Valley Family: Exploring Scalable Vision-Language Design for Multimodal Understanding and Reasoning

🎮️ Github Repository | 🤗 Huggingface Model Collection | 📙 Technical Report

News

[2026/05/05] 🔥🔥🔥 We have released the technical report of Valley3! Check out the full paper here: Valley3 Technical Report.
[2026/05/01] 🔥🔥🔥 We have released the model weights of Valley3, which is an omni foundation model collection for unified e-commerce understanding and reasoning.
[2025/11/27] 🔥🔥 We have released the technical report of Valley2.5! Check out the full paper here: Valley2.5 Technical Report.
[2025/10/26] 🔥🔥 We have released the weights of Valley2.5, which significantly enhances multimodal understanding and reasoning capabilities.
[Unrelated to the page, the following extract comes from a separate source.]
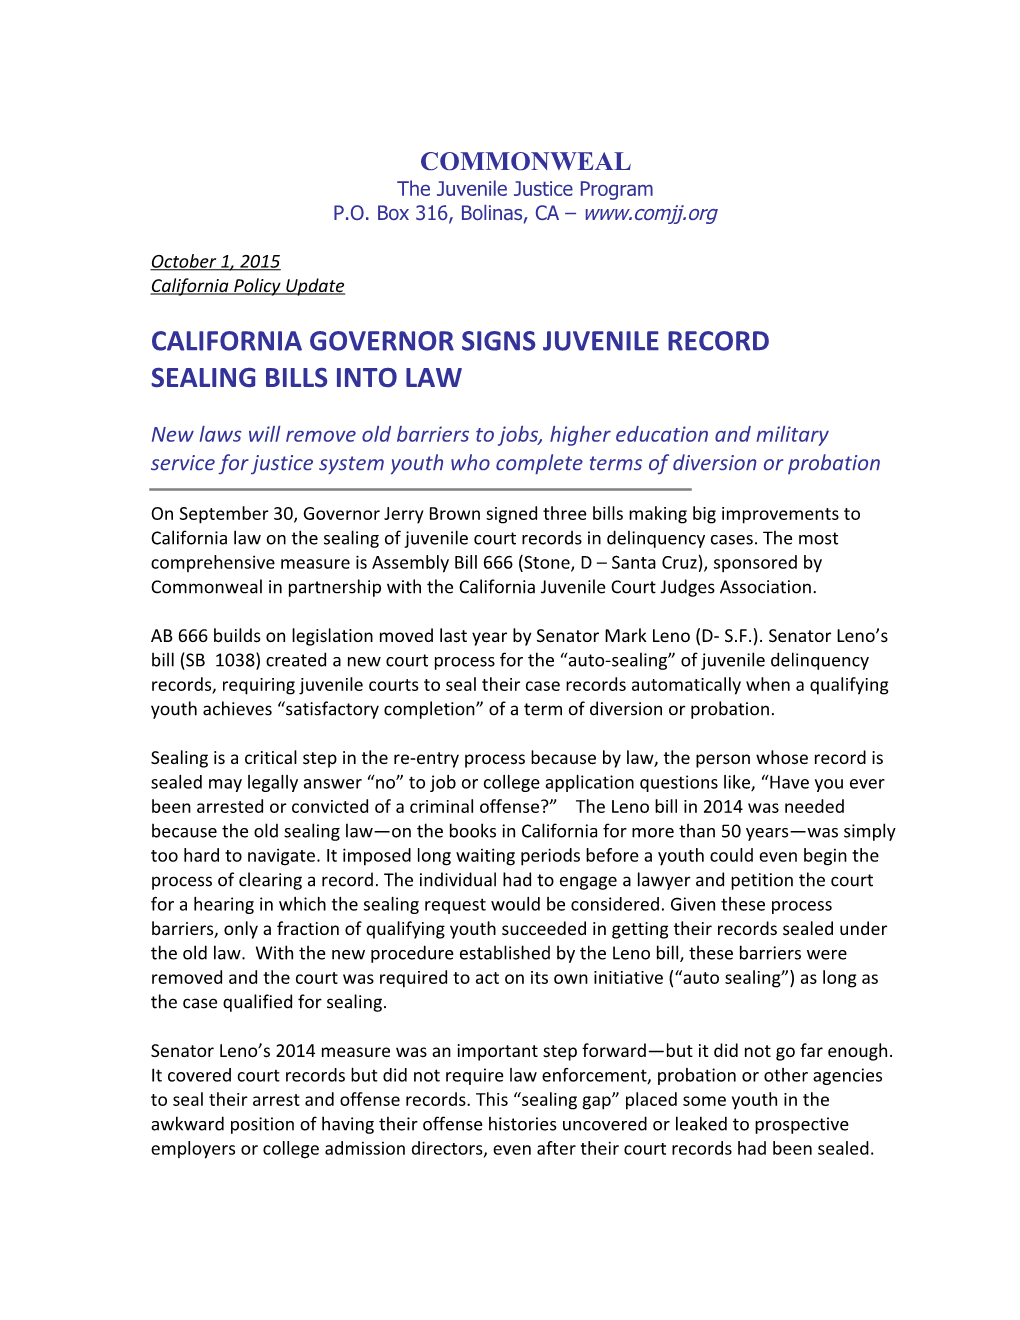 Governor Signs CA Juvenile Record Sealing Bills, Commonweal Update, Page 3

It has achieved 74.3 on the OpenCompass Multi-modal Academic Leaderboard!

Introduction

Valley is a cutting-edge multimodal large model designed to handle a variety of tasks involving text, images, and video data, which is developed by ByteDance. Our model:

Achieved the best results in the inhouse e-commerce and short-video benchmarks, much better then other SOTA opensource models.
Demonstrated comparatively outstanding performance in the OpenCompass Benchmark.

Valley3

Valley3 is built upon the Qwen3-VL backbone and extends it with audio transformer for audio encoding. The audio embeddings are aligned to the visual-language backbone via an MLP-based connector, then concatenated with visual and text tokens into a unified input space, enabling omni-modal understanding.